Could you output the whole listing exactly as it stands, minus any images?

# COLLECTED MATERIAL:
•••

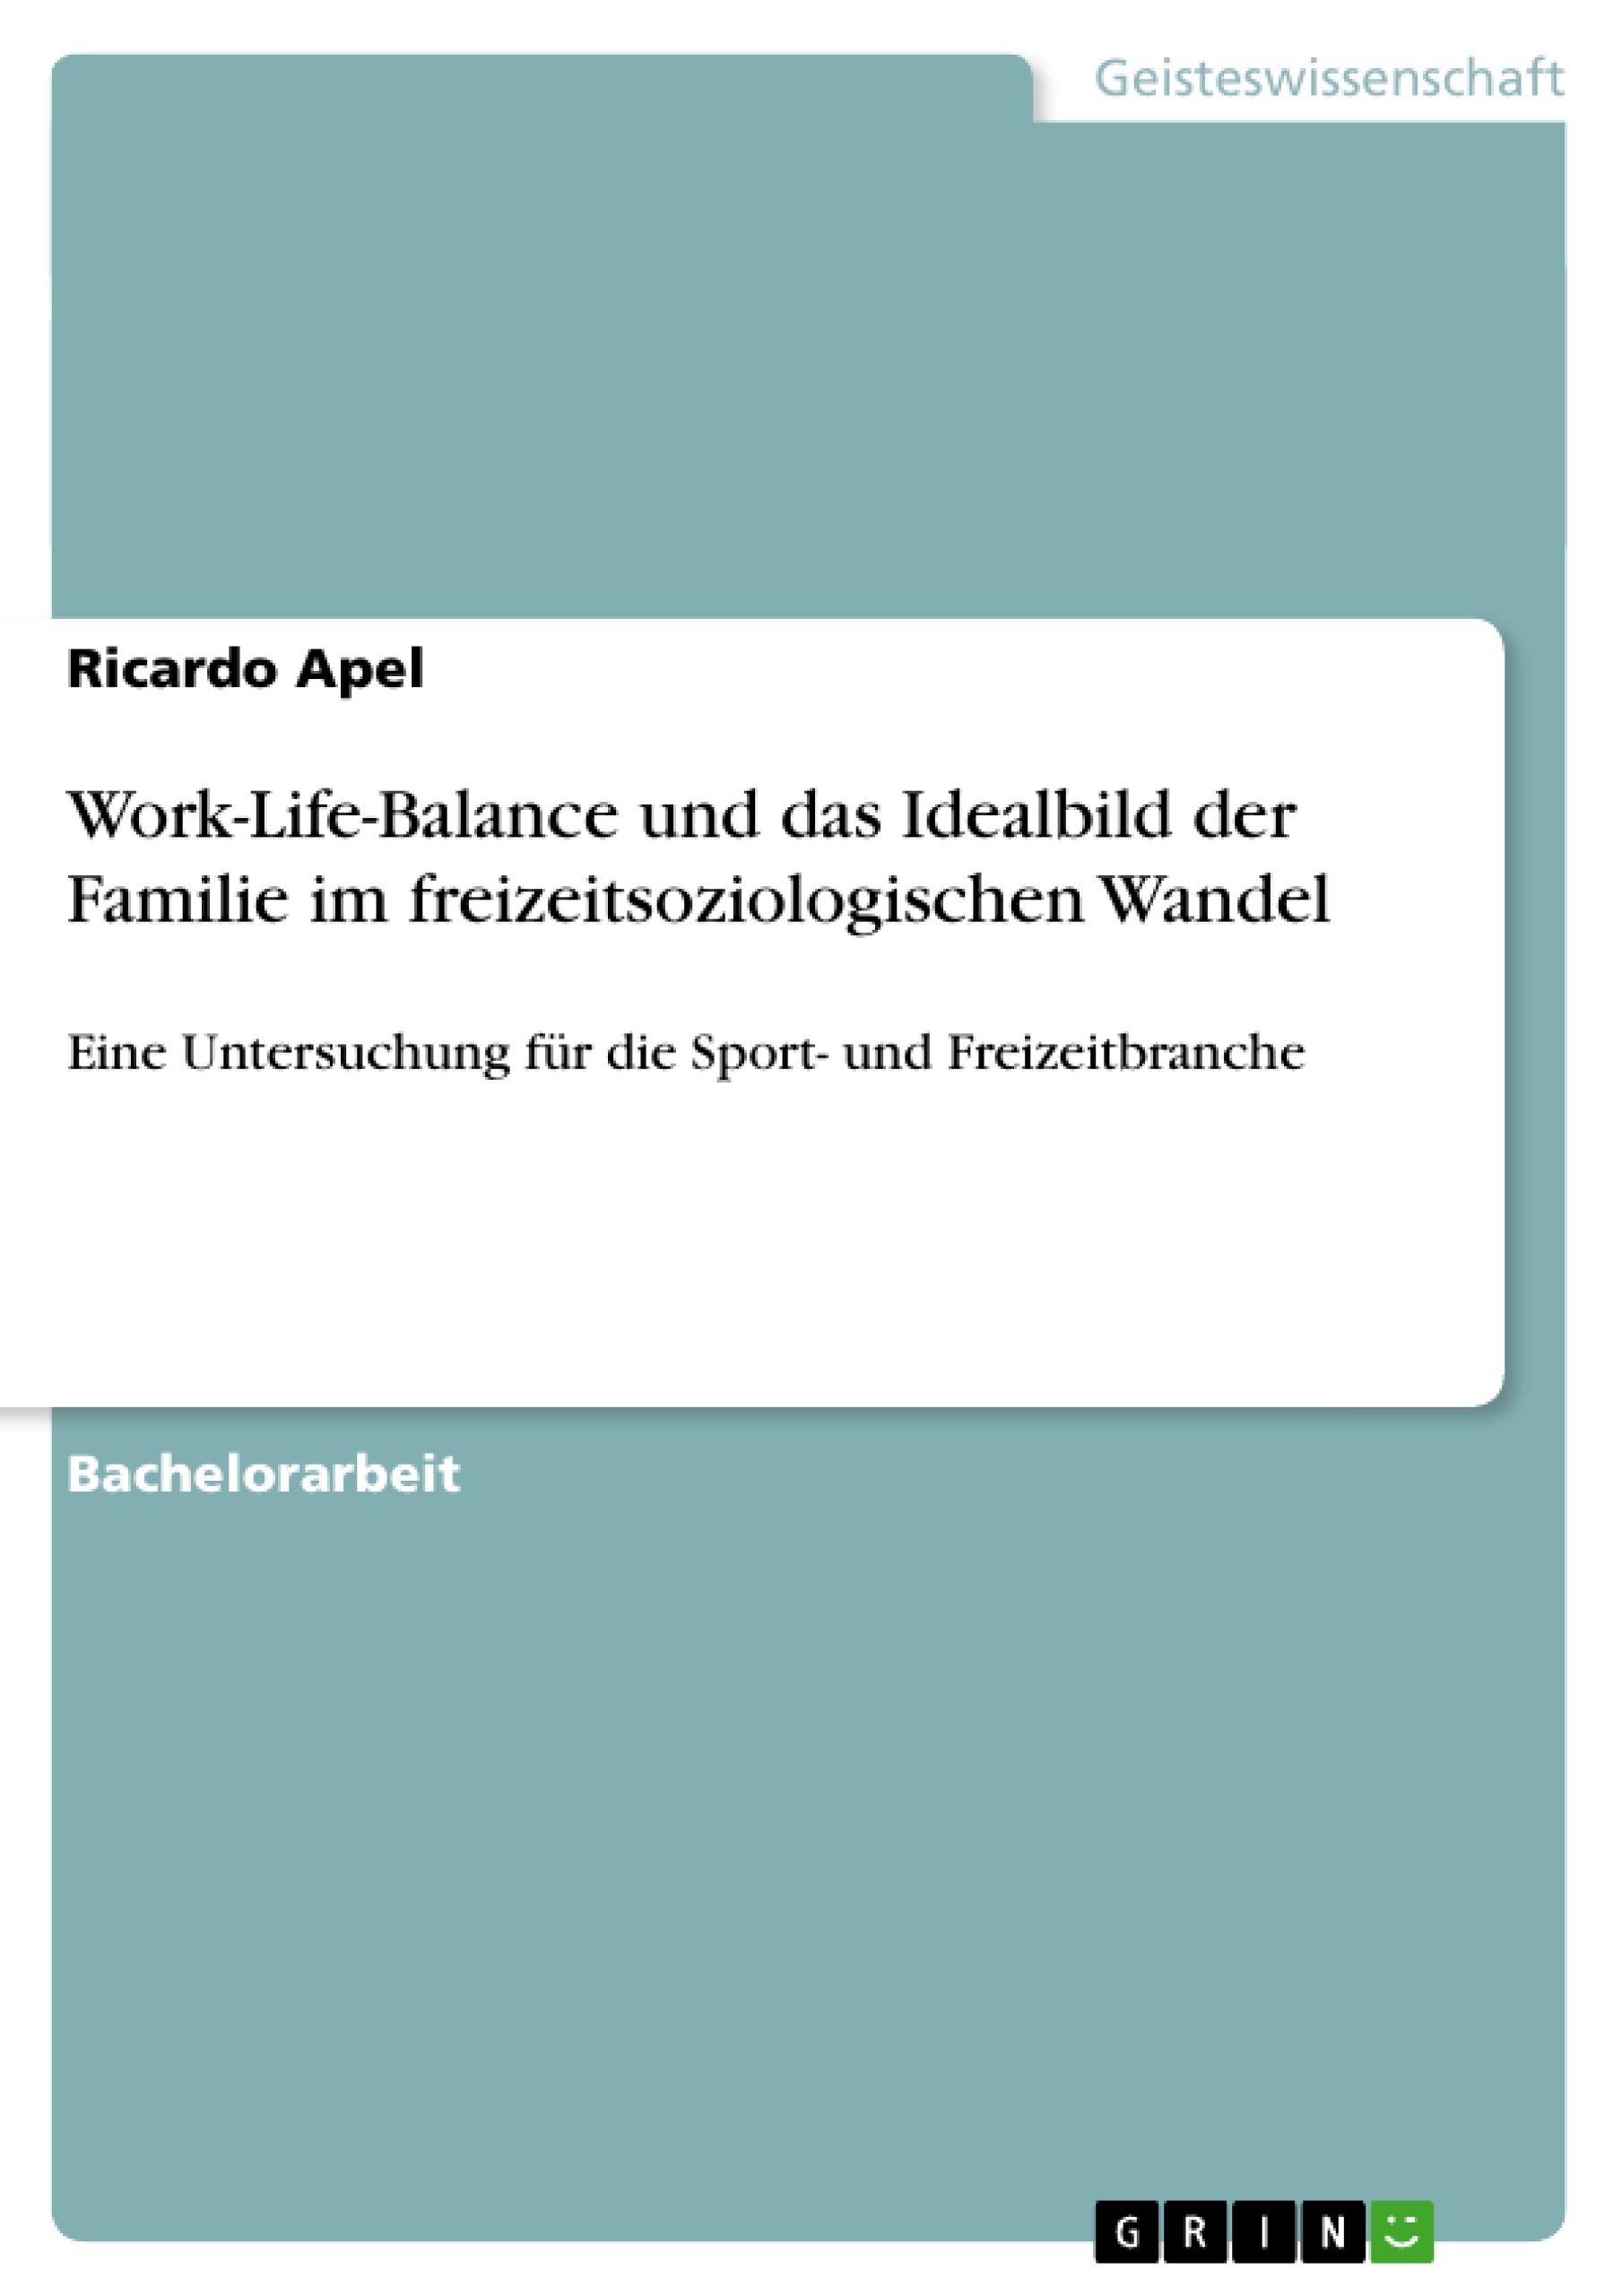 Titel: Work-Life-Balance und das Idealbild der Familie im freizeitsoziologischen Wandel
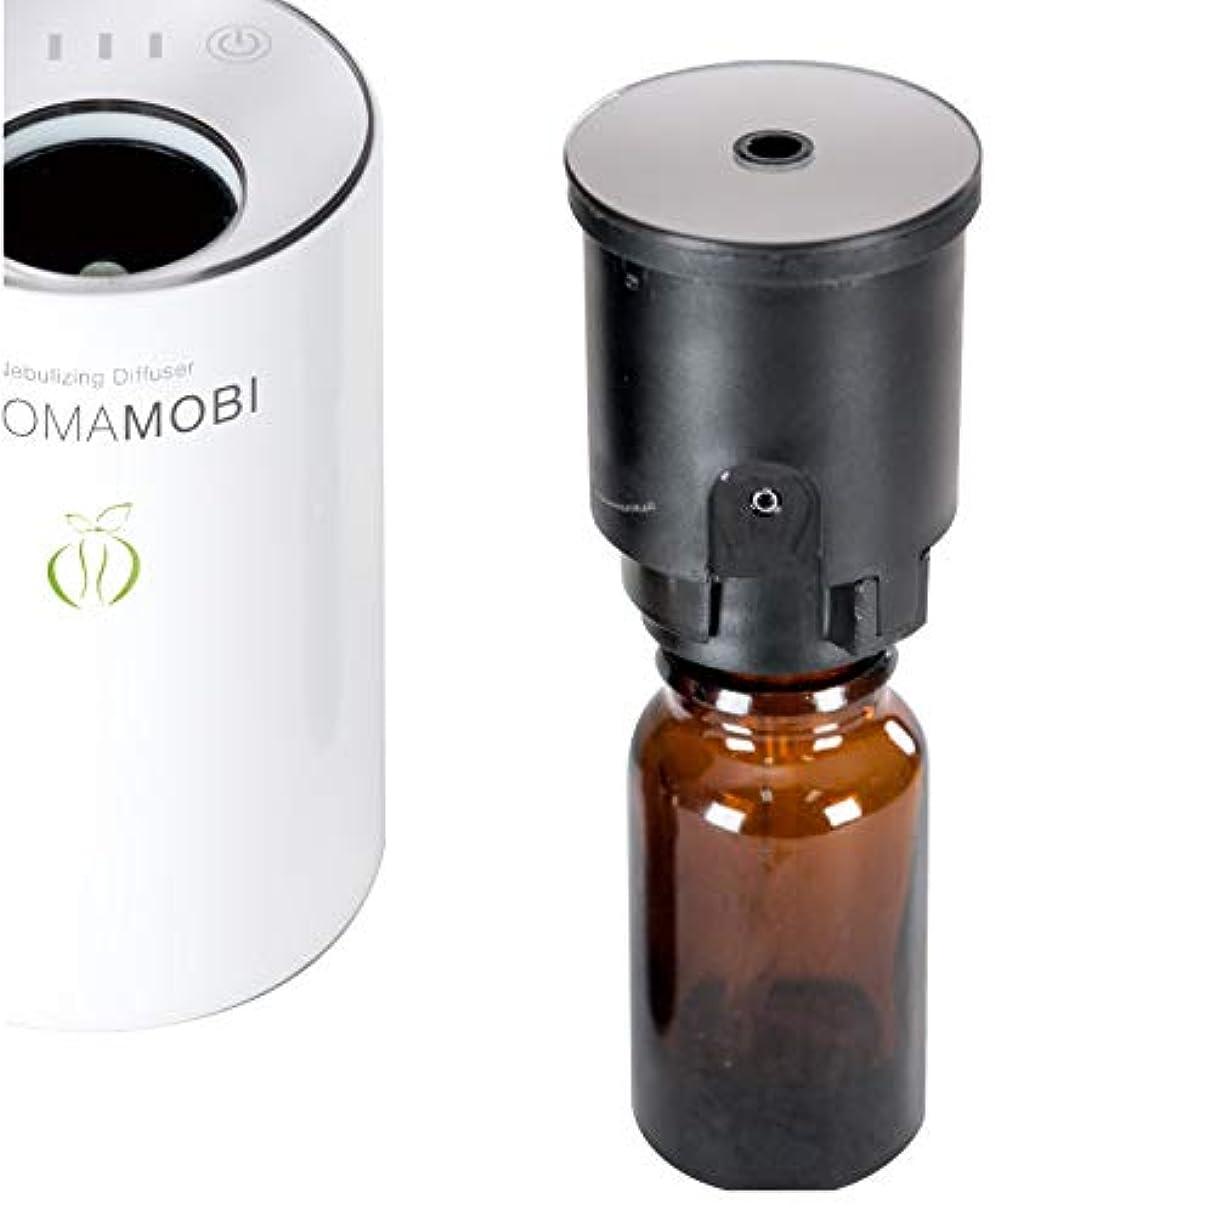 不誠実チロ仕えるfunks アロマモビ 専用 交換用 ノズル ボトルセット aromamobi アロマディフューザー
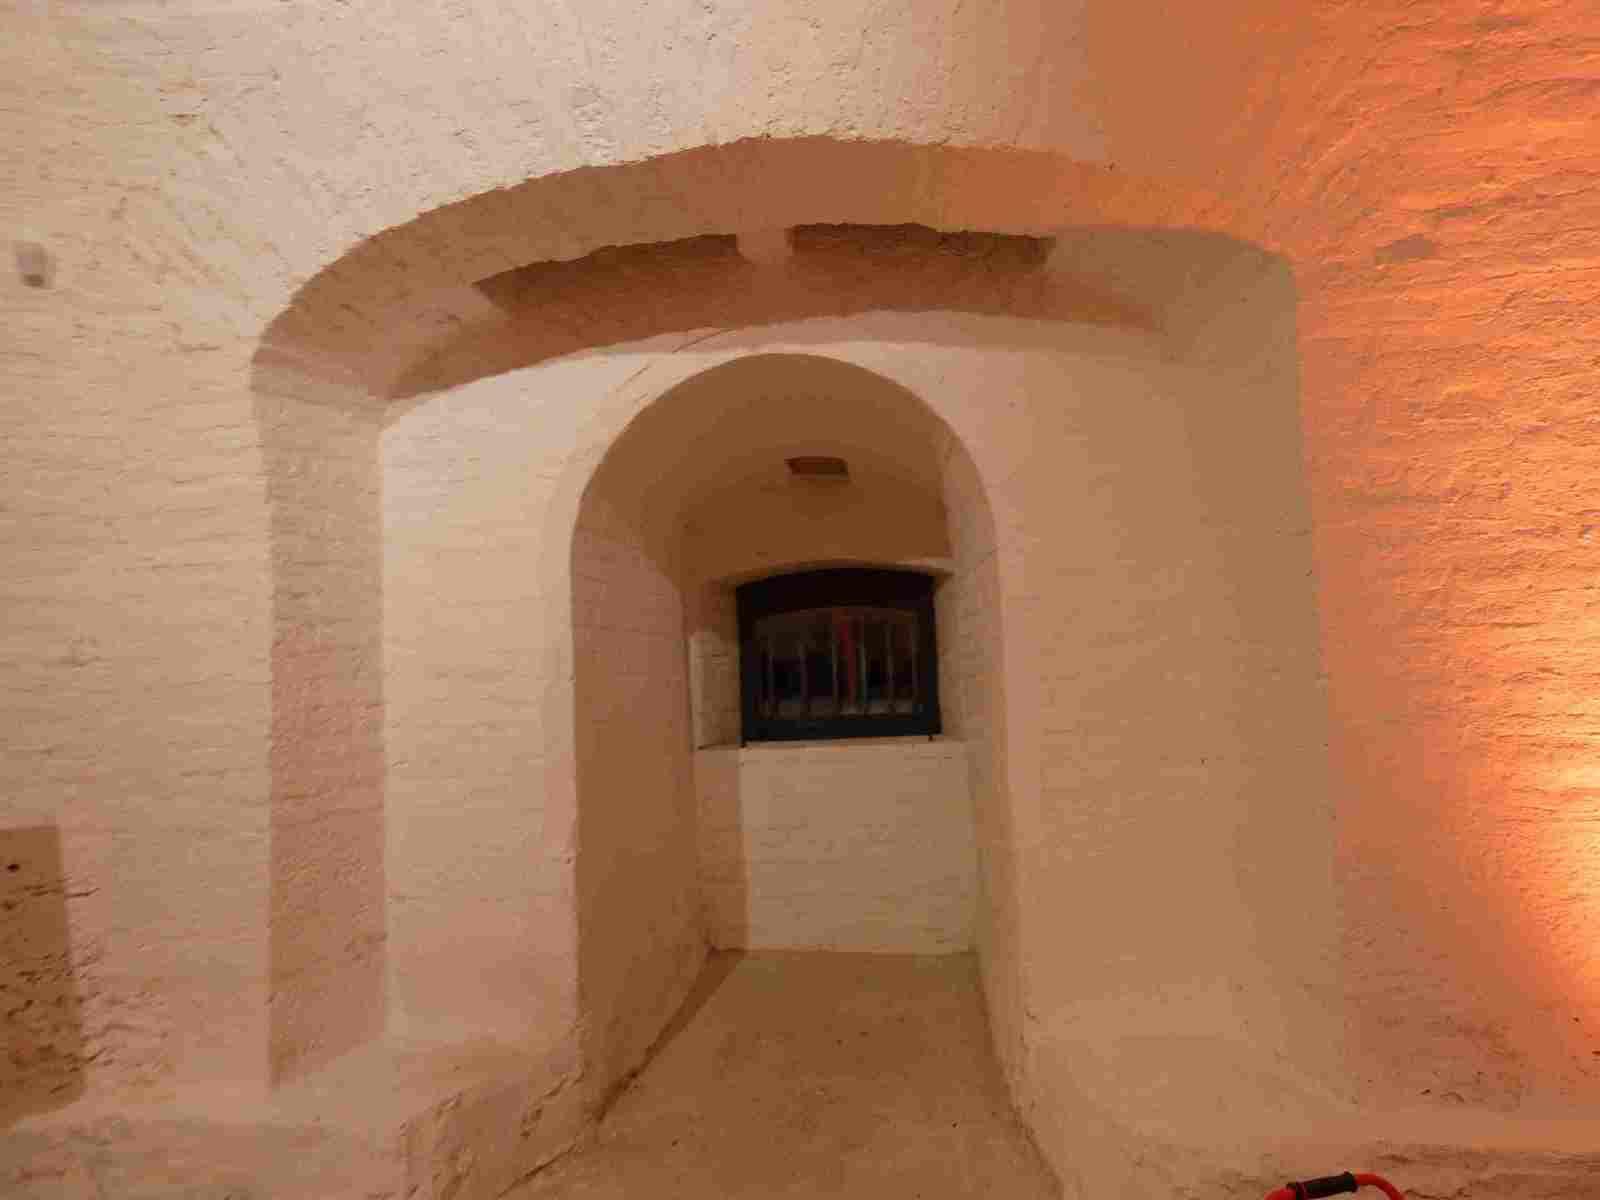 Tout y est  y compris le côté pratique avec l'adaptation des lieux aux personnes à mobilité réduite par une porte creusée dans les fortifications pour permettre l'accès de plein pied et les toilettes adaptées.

•••

# YOUR SOLUTION:
 Titel: Work-Life-Balance und das Idealbild der Familie im freizeitsoziologischen Wandel
 不誠実チロ仕えるfunks アロマモビ 専用 交換用 ノズル ボトルセット aromamobi アロマディフューザー
 Tout y est  y compris le côté pratique avec l'adaptation des lieux aux personnes à mobilité réduite par une porte creusée dans les fortifications pour permettre l'accès de plein pied et les toilettes adaptées.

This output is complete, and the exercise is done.